■ **YOUR INSTRUCTIONS**
The material below has pictures in it. Set down only the lines from the line containing "Dies ist eine" through the line containing "Es besteht aus", word for word, and leave the pictures behind.

■ **DATA FOR PROCESSING**
'''

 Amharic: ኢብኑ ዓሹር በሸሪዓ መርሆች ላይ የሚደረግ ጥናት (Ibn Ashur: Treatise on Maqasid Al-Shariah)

'''
'''

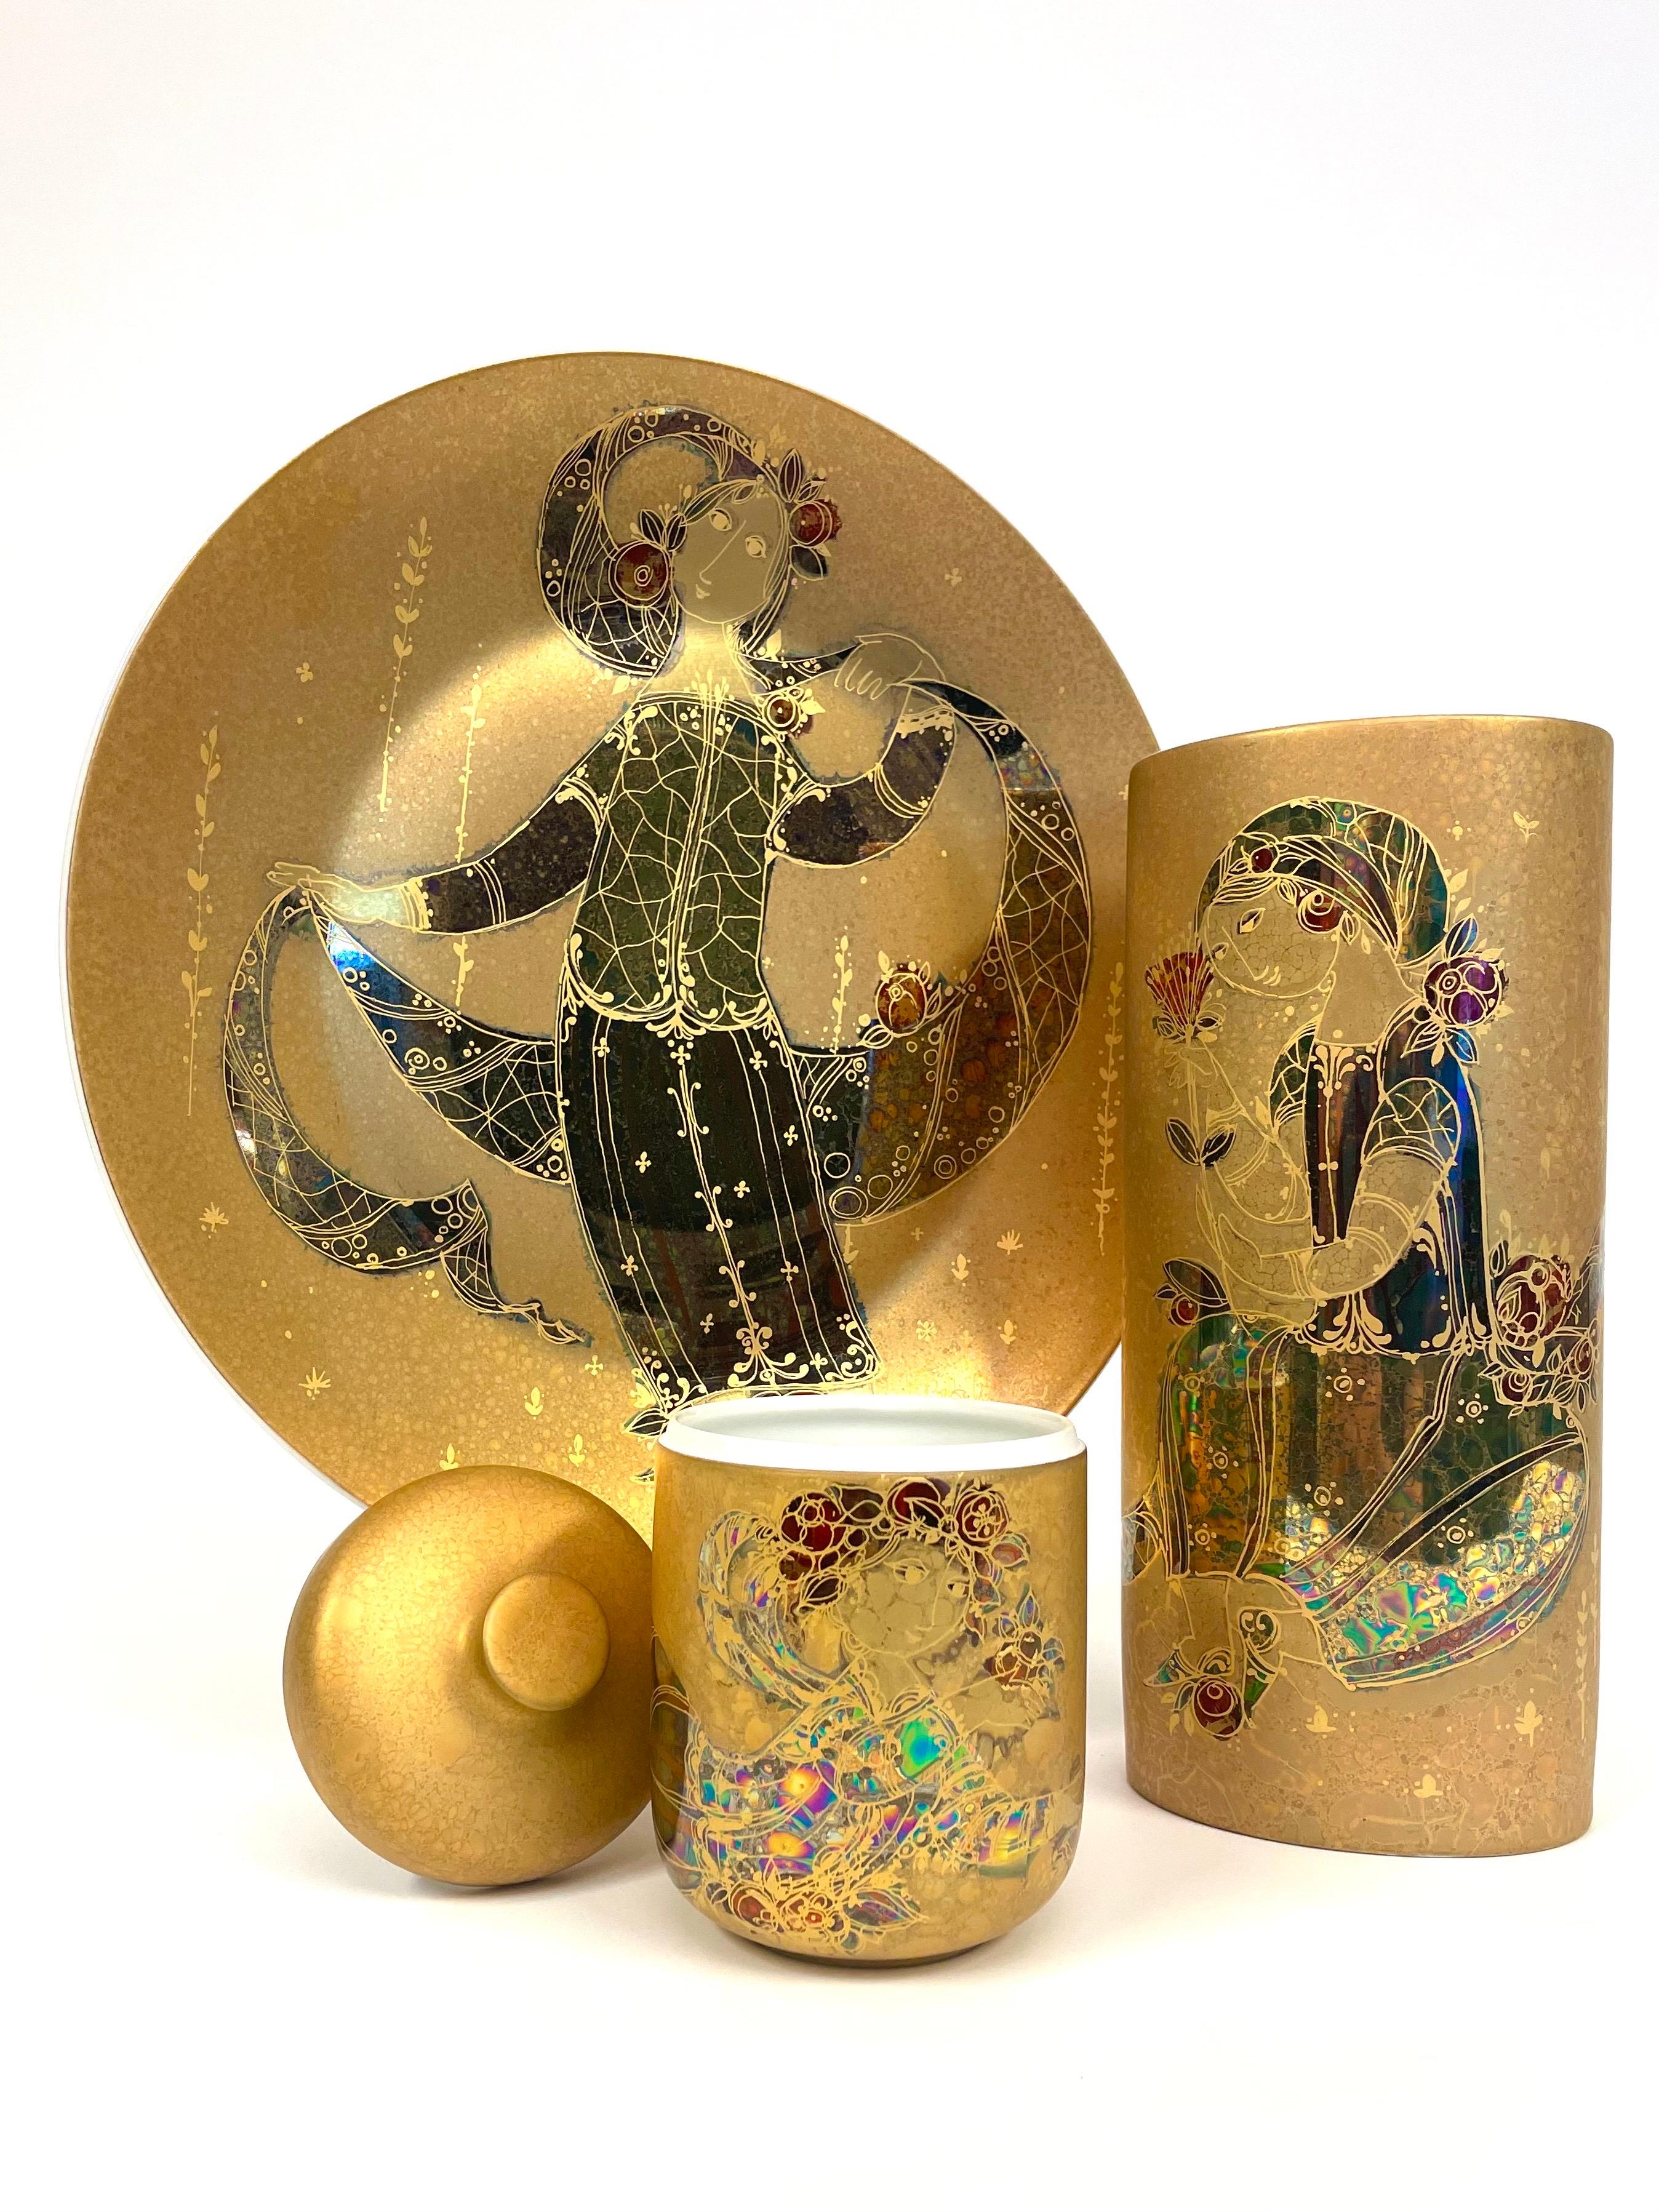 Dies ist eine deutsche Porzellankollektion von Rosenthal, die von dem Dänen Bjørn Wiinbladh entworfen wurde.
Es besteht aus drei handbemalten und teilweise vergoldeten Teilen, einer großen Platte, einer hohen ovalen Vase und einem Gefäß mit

'''

■ **ANSWER BOX**
 Dies ist eine deutsche Porzellankollektion von Rosenthal, die von dem Dänen Bjørn Wiinbladh entworfen wurde.
Es besteht aus drei handbemalten und teilweise vergoldeten Teilen, einer großen Platte, einer hohen ovalen Vase und einem Gefäß mit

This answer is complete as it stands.